Дотянуться до высокого идеала братства не представлялось возможным. Остаться на высоте той миссии, которую, умирая, поручил Алеше старец Зосима: уйти из монастыря и находиться около обоих братьев — не удалось; заботы своего «я» не отпустили. Простого сочувствия, монашеской аскезы и моральной чистоты было недостаточно — спасти отца и братьев он, отпрыск греховной зараженной крови, мог только ответственным выполнением долга, активным деланием. Шанс предотвратить катастрофу, которую провидел мудрый старец, был безнадежно упущен.
Достоевскому было из-за чего беспокоиться. Поучения Зосимы отвечали Великому инквизитору не по пунктам, а в художественной картине, являвшей высокий идеал. Но образ мира был исполнен мрачного трагизма. События романа свидетельствовали о подорванных и извращенных нравственных началах, о безвременном одряхлении общественного организма, когда только уголовные дела тревожно напоминают о какой-то беде, с которой, как с опасным злом, уже трудно бороться. Люди потеряли чувствительность к трагической безалаберщине настоящей минуты и способны лишь смаковать сильные ощущения. Достоевский писал Е. А. Штакеншнейдер: «Болезнь и болезненное настроение лежат в корне самого нашего общества, и на того, кто сумеет это заметить и указать, — общее негодование».

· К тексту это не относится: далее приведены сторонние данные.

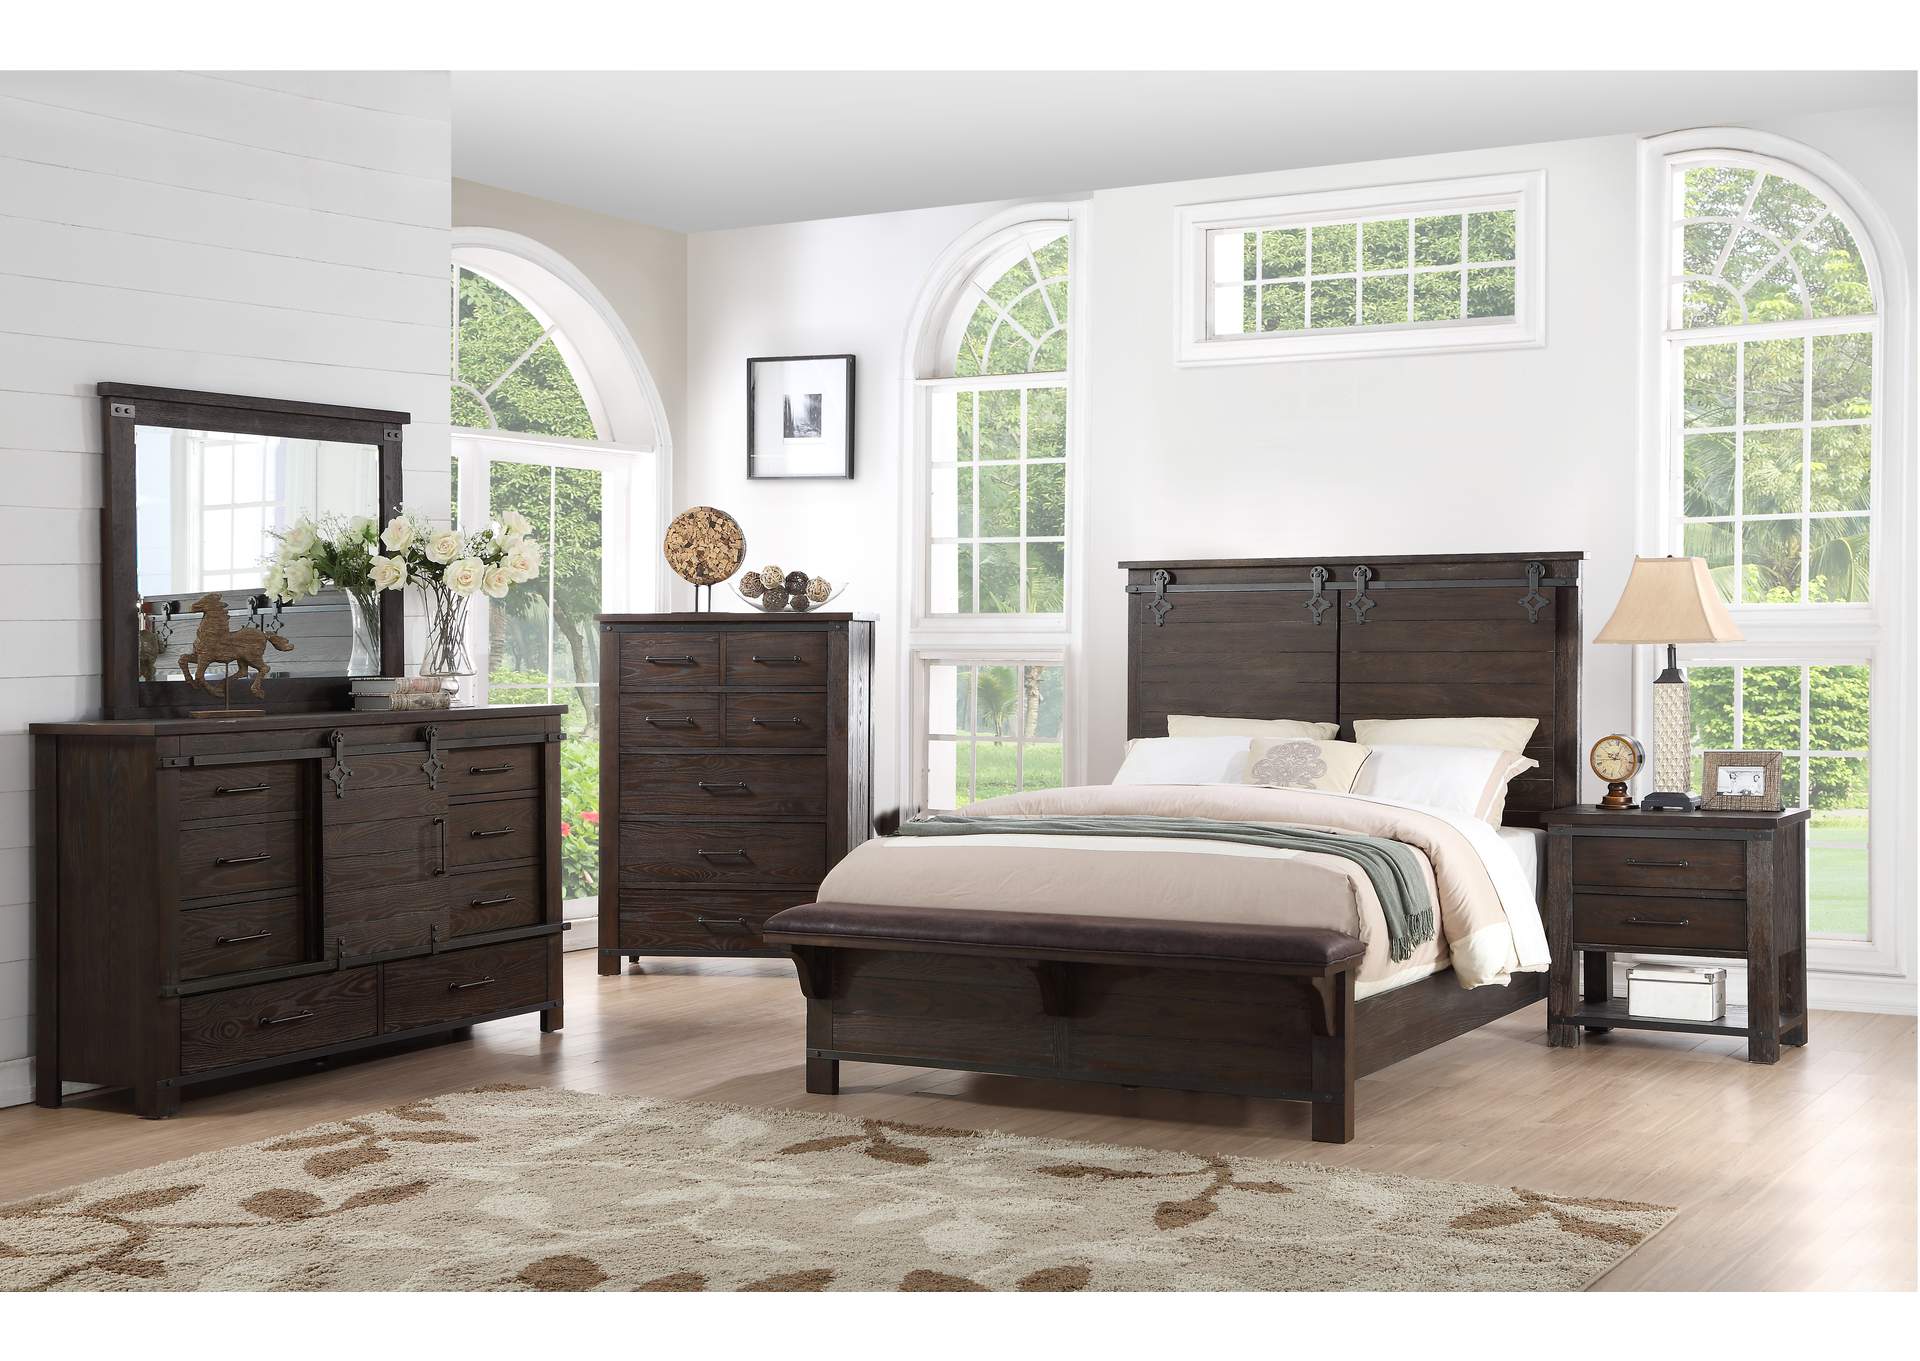 Newton Queen Bed,Emerald Home Furnishings

...Ф. М. уезжал из Эмса после пяти недель лечения с надеждой, что не зря потерял время и ему хватит сил довести «Карамазовых» до конца. Будущее пугало неопределенностью и необеспеченностью. «Кончу роман, — писал он жене в августе 1879-го, — и в конце будущего года объявлю подписку на “Дневник” и на подписные деньги куплю имение, а жить и издавать “Дневник” до следующей подписки протяну как-нибудь продажей книжонок. Нужна энергическая мера, иначе никогда ничего не будет».
Он полагал, что покупка имения даст капитал, который умножится, когда дети подрастут. Мысль об имении, однако, была дорога' даже не финансово, а идейно: «Тот, кто владеет землею, участвует и в политической власти над государством. Это будущее детей и определение того, чем они будут: твердыми ли и самостоятельными гражданами (никого не хуже) или стрюцкими» — то есть людьми пустыми, дрянными, потерянными. Тремя годами раньше, в «Дневнике писателя», формула будущего определялась именно через Землю и Сад: «Человечество обновится в Саду и Садом выправится... Дети людей должны родиться на земле, а не на мостовой. Можно жить потом на мостовой, но родиться и всходить нация, в огромном большинстве своем, должна на земле, на почве, на которой хлеб и деревья растут».